Этому не суждено было случиться. Французам и голландцам не удалось сломить оборону южан. Армия Фландрии, численностью семьдесят тысяч человек, отразила натиск, а затем, вырвавшись за собственные укрепления, стала преследовать врага уже на его земле. В конце июля 1635 года испанские войска захватили форт Схенкенсханс, имевший славу неприступной крепости. Не стоит говорить, что Рубенс испытал немалое облегчение и даже радость. Однако он не был бы Рубенсом, если бы не захотел извлечь максимум пользы из благоприятных обстоятельств (которые, как было известно истинному неостоику, долго не продлятся) и не попытаться заключить мир. Был задуман следующий план. В конце осени, как обычно, под предлогом покупки или оценки предметов искусства Рубенс поедет на север вести секретные переговоры с теми членами Генеральных штатов, что выступали за мир и противились намерению Фредерика-Хендрика любой ценой завоевать католический юг. Хотя Рубенс и пытался перехитрить возглавляемую штатгальтером партию войны, он тем не менее был готов отправиться в Гаагу для встречи с Гюйгенсом, к неописуемой радости последнего. «Уж и не ведаю, какие демоны столь долго лишали меня Вашего общества», – писал Гюйгенс художнику[441]. По легенде, Рубенс должен был осмотреть коллекцию картин, доставленных морем из Италии; предлог выбрали с таким расчетом, чтобы свести живописца и секретаря штатгальтера, любителя и ценителя искусства. Однако эти картины были привезены… в Амстердам, куда, если верить слухам, Рубенс тоже направлялся для участия в тайных мирных переговорах.

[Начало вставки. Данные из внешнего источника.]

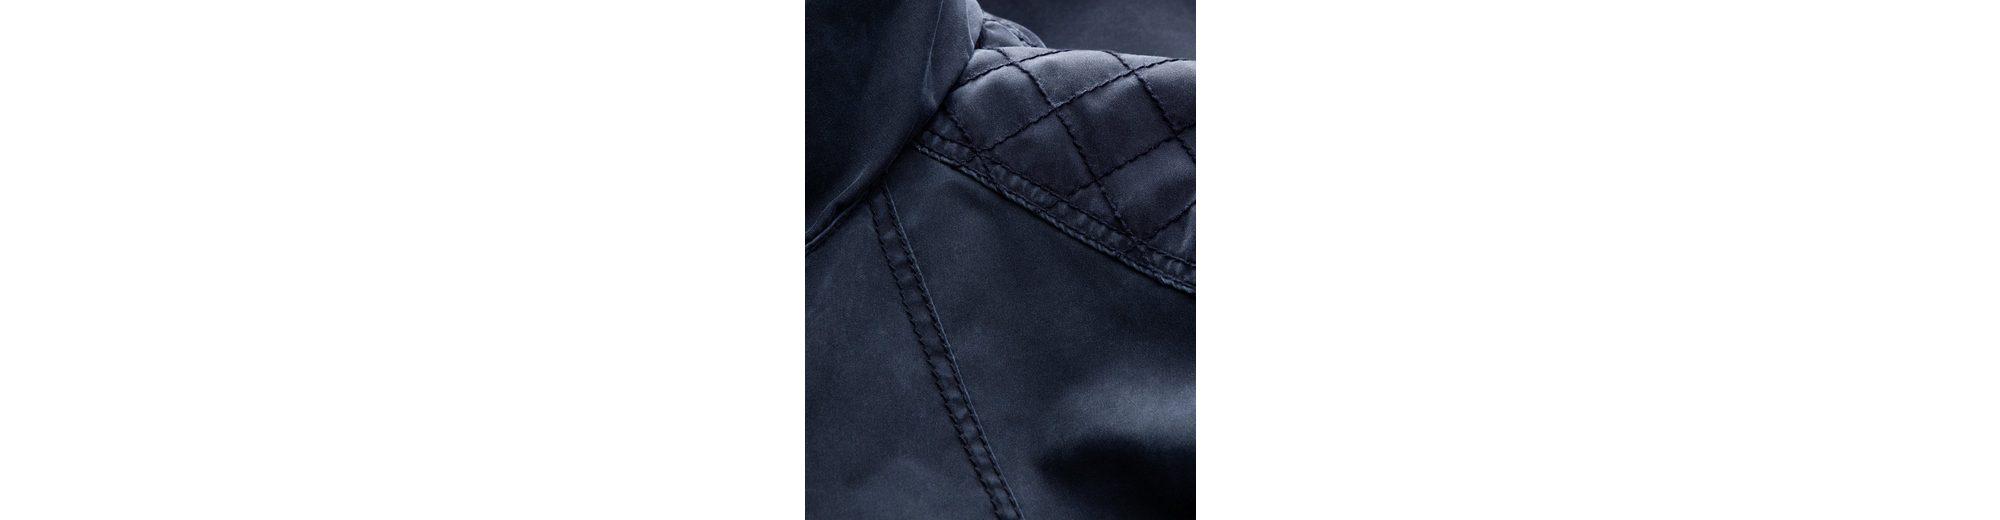 Gut Verkaufen Verkauf Online Babista Jacke in vorgewaschener Qualität Freies Verschiffen Bester Verkauf Vorbestellung KCp6j0U7G

В 1614 году, когда Рубенс впервые приехал в Голландию в поисках гравера, Рембрандт был курносым школьником и протирал штаны на ученической скамье. В 1627 году, в его следующий приезд, Рембрандт, блестящий новичок, начинающий художник, числился в учениках Ластмана. Теперь, спустя восемь лет, он, несомненно, стал самым известным живописцем Амстердама. Неужели они встретились? Неужели они не встретились?
Им не суждено было познакомиться. Арминианское большинство в Амстердамском городском совете выступало за мир. Более того, некоторые члены городского совета даже тайно снабжали врага оружием, чтобы обеспечить военное равновесие, подобие пата на шахматной доске. Однако ближайшее окружение Фредерика-Хендрика, исполненное, не в последнюю очередь благодаря французским взяткам, решимости захватить юг, принимало в штыки любое предложение начать мирные переговоры, даже в те годы, когда голландцам совершенно изменяла военная удача. Наконец все спорные вопросы свелись к одному: давать или не давать Рубенсу паспорт? Не в силах прийти к согласию, городской совет Амстердама предоставил это на усмотрение самого штатгальтера, и тот сказал «нет». Рубенсу более не суждено было пересечь Шельду и Маас и побывать в Голландии.